Les défis de l’activité chirurgicale pendant la pandémie de Covid-19

Au cours de la pandémie d’infection à SARS-CoV-2 qui a sévi au cours de ces derniers mois (et qui n’est pas terminée), les autorités de santé dans plusieurs pays ont recommandé d’ajourner les actes de chirurgie non urgents dans le but d’optimiser les ressources en personnel et matériel des unités de soins intensifs (USI) et de limiter la fréquentation des hôpitaux, présentés comme des « bouillons de culture. » Toutefois, il arrive que des patients doivent être opérés sans délai.
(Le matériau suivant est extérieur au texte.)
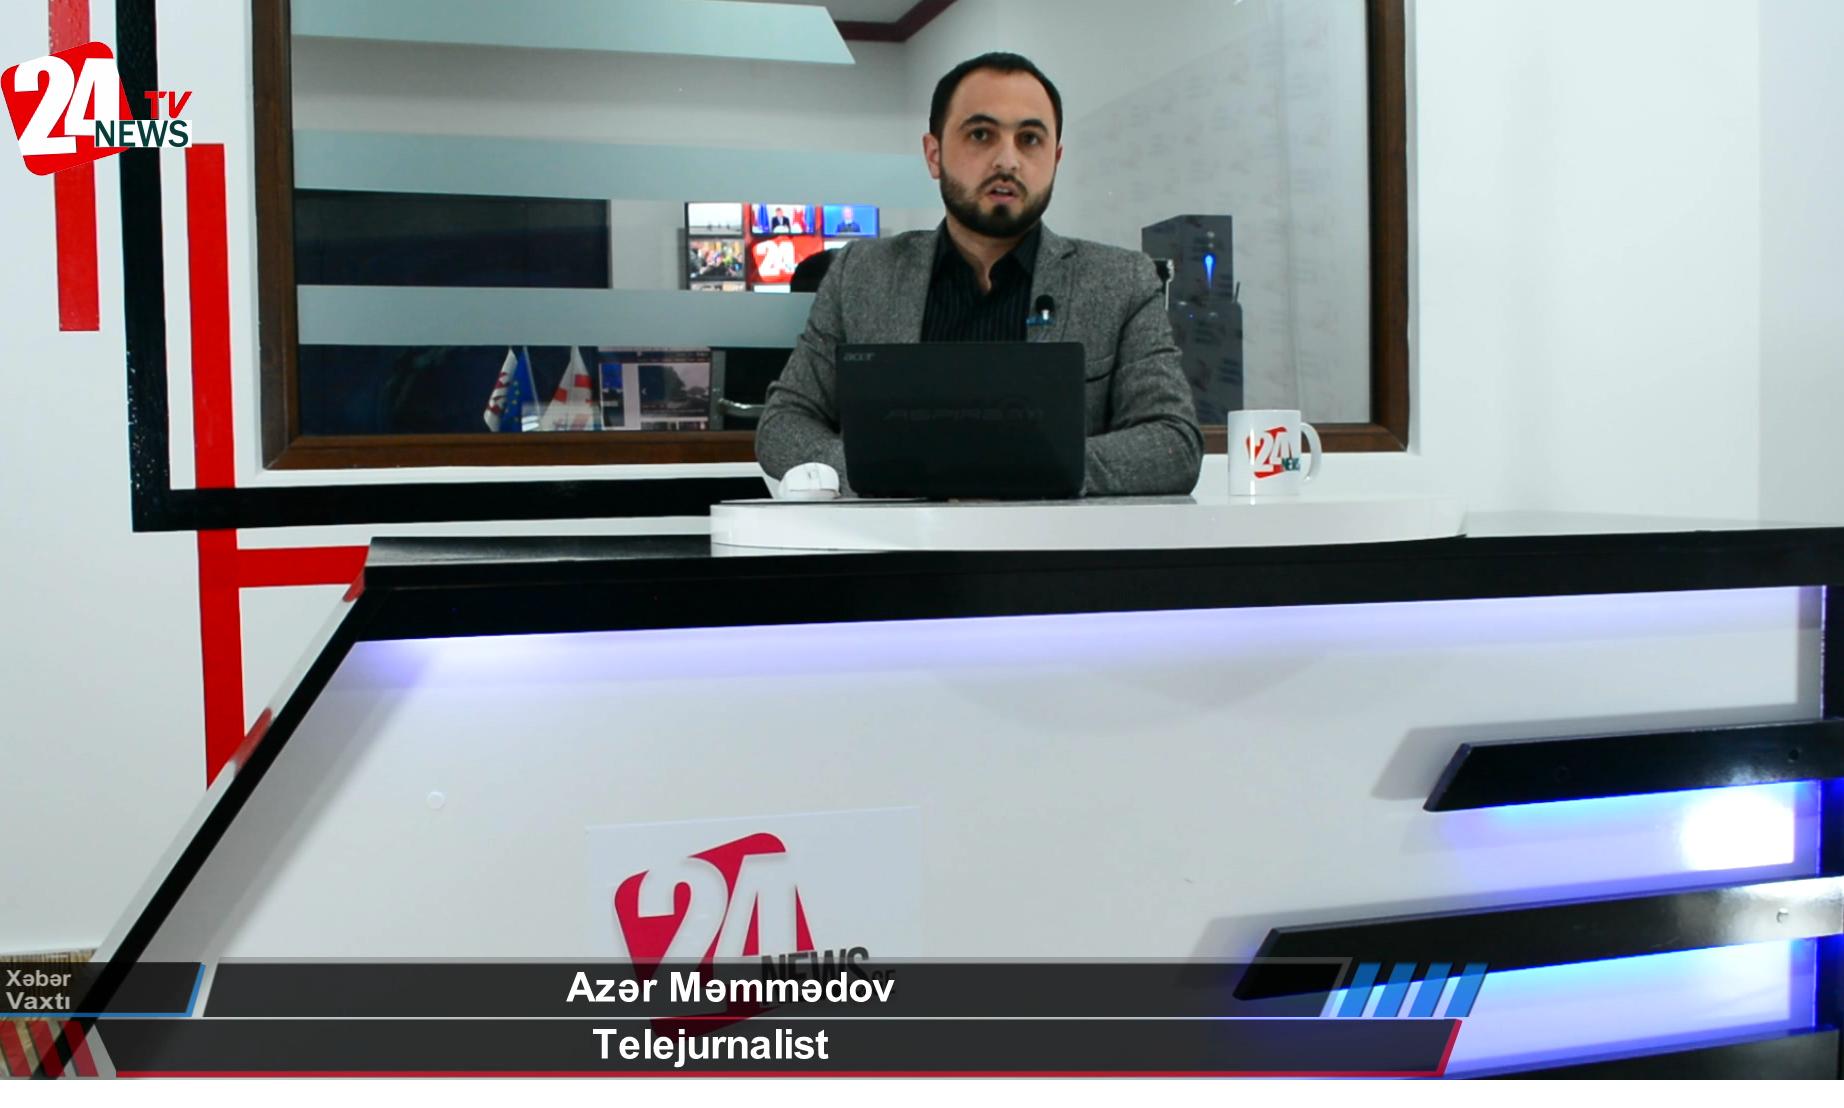 24News Tv-də Xəbər Vaxtı (12.04.2021) - (VİDEO)

Des auteurs-jordaniens-mentionnent l’évidente nécessité pour le personnel médical de disposer alors de masques, lunettes, casaques, couvre-chefs et couvre-chaussures, 2 paires de gants superposées, etc. Tous les membres de l’équipe médicale doivent prendre leur température tous les jours, toute fièvre chez un membre entraînant son éviction temporaire de l’équipe et son évaluation.

Les anesthésistes devront oxygéner rapidement leurs malades pour permettre l’intubation sans recourir à la ventilation manuelle, source éventuelle de dissémination des germes. Un lavage prolongé des mains est recommandé après ablation des gants et, bien évidemment, l’équipement sera à usage unique et les appareils anesthésiques seront désinfectés avec soin entre 2 interventions. De même, un filtre de haute qualité sera placé à l’entrée du circuit de respiration.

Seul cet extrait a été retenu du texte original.